Editorial: Fishy business is worth investigating
The odds are that diners who take the bait and pay a hefty price for a gourmet fish like red snapper or Chilean sea bass are being played for suckers. As often as not, the fish they pay for is not the fish they’re served but a less expensive substitute. In one series of tests cited by the conservation group Oceana, for example, up to three-quarters of the fish labeled as red snapper was actually something else.
This month, the Boston Globe published a lengthy expose by reporters Jenn Abelson and Beth Daley on the mistaken, deceptive or potentially fraudulent labeling of seafood by restaurants, fish distributors and retailers. One restaurant charged for red snapper but served tilapia, an inexpensive farm-raised fish. Another substituted a cheaper snapper relative for the real thing. The mislabeling of inexpensive Pacific cod as pricey Atlantic cod was commonplace. Some Boston landmarks were caught serving mislabeled seafood, and not for the first time, by the Globe, which paid to have DNA tests done on fish samples.
Kudos to the Globe for trying to keep the poorly regulated seafood industry honest. The problem is global and one that Congress has given too little attention to. States too, have largely taken a hands-off approach and, as far as we could discover, no New Hampshire agency has ever conducted DNA tests of seafood to verify its seller’s claims. It’s about time one of them did. At one lab used by the Globe, DNA testing 95 samples of fish cost about $4,000; testing just a single sample at another lab, $84.
Nationally, the mislabeling of seafood, as well as other tricks by dishonest fishmongers, cheats consumers out of billions of dollars every year. Atlantic cod, for example, costs $4 per pound more than Pacific cod; coho salmon is much cheaper than King salmon; wild salmon more expensive than farm-raised fish. Customers also overpay when vendors pay seafood prices for ice and water. In 2010, a joint testing effort by agencies in 17 states found more than 21,000 packages of seafood whose weight was up to 40 percent water. A similar fraud occurs when scallops are treated with additives that allow them to retain extra water or where extra breading is used on a seafood product.
New Hampshire diners and shoppers would save many times the cost of the periodic random testing of fish by the food protection division of the state Health and Human Services Department or some other agency. The testing wouldn’t have to be comprehensive to have a big effect. No restaurant owner, chef, retailer or distributor wants the kind of publicity that comes with getting caught cheating customers.

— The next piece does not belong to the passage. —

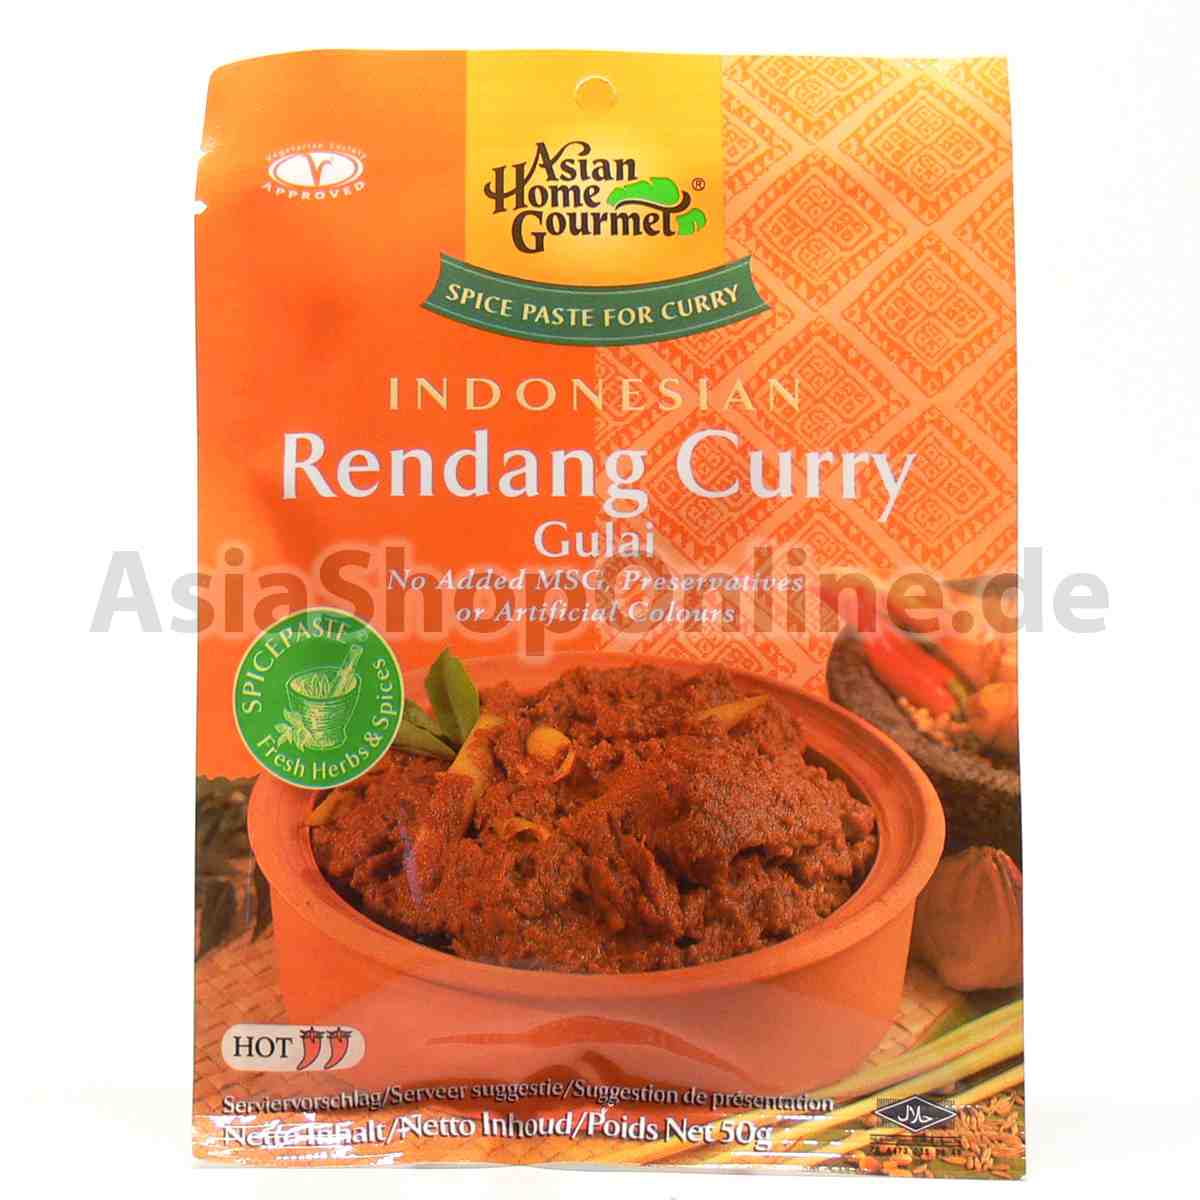 Currypaste für indonesisches Rendang - Asian Home Gourmet - 50g

Mislabeled seafood also carries health risks that can be serious or even fatal. One restaurant in the Globe investigation served an oily fish called escolar, also known as snake mackerel, instead of tuna. Escolar, particularly if eaten in quantity, can cause severe gastrointestinal distress and oily, orange diarrhea that can last for days. Mislabeled fish can cause allergic reactions in some people, contain toxins, or dose consumers with an unacceptable level of mercury, lead or some other contaminant. The likelihood of contamination increases when seafood comes from nation’s with lax environmental laws and regulatory agencies.

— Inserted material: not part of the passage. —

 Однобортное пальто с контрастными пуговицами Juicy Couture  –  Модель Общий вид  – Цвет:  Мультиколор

Several federal agencies make a limited effort to combat seafood fraud, but the widespread nature of the problem is proof that they aren’t doing enough. States, which have the power to levy fines and impose sanctions, should emulate organizations like Oceana, Consumer Reports and the Boston Globe, and run spot DNA tests to keep the industry honest. We urge lawmakers and Gov.-elect Maggie Hassan to do so. They, and consumers, might be surprised at what they find.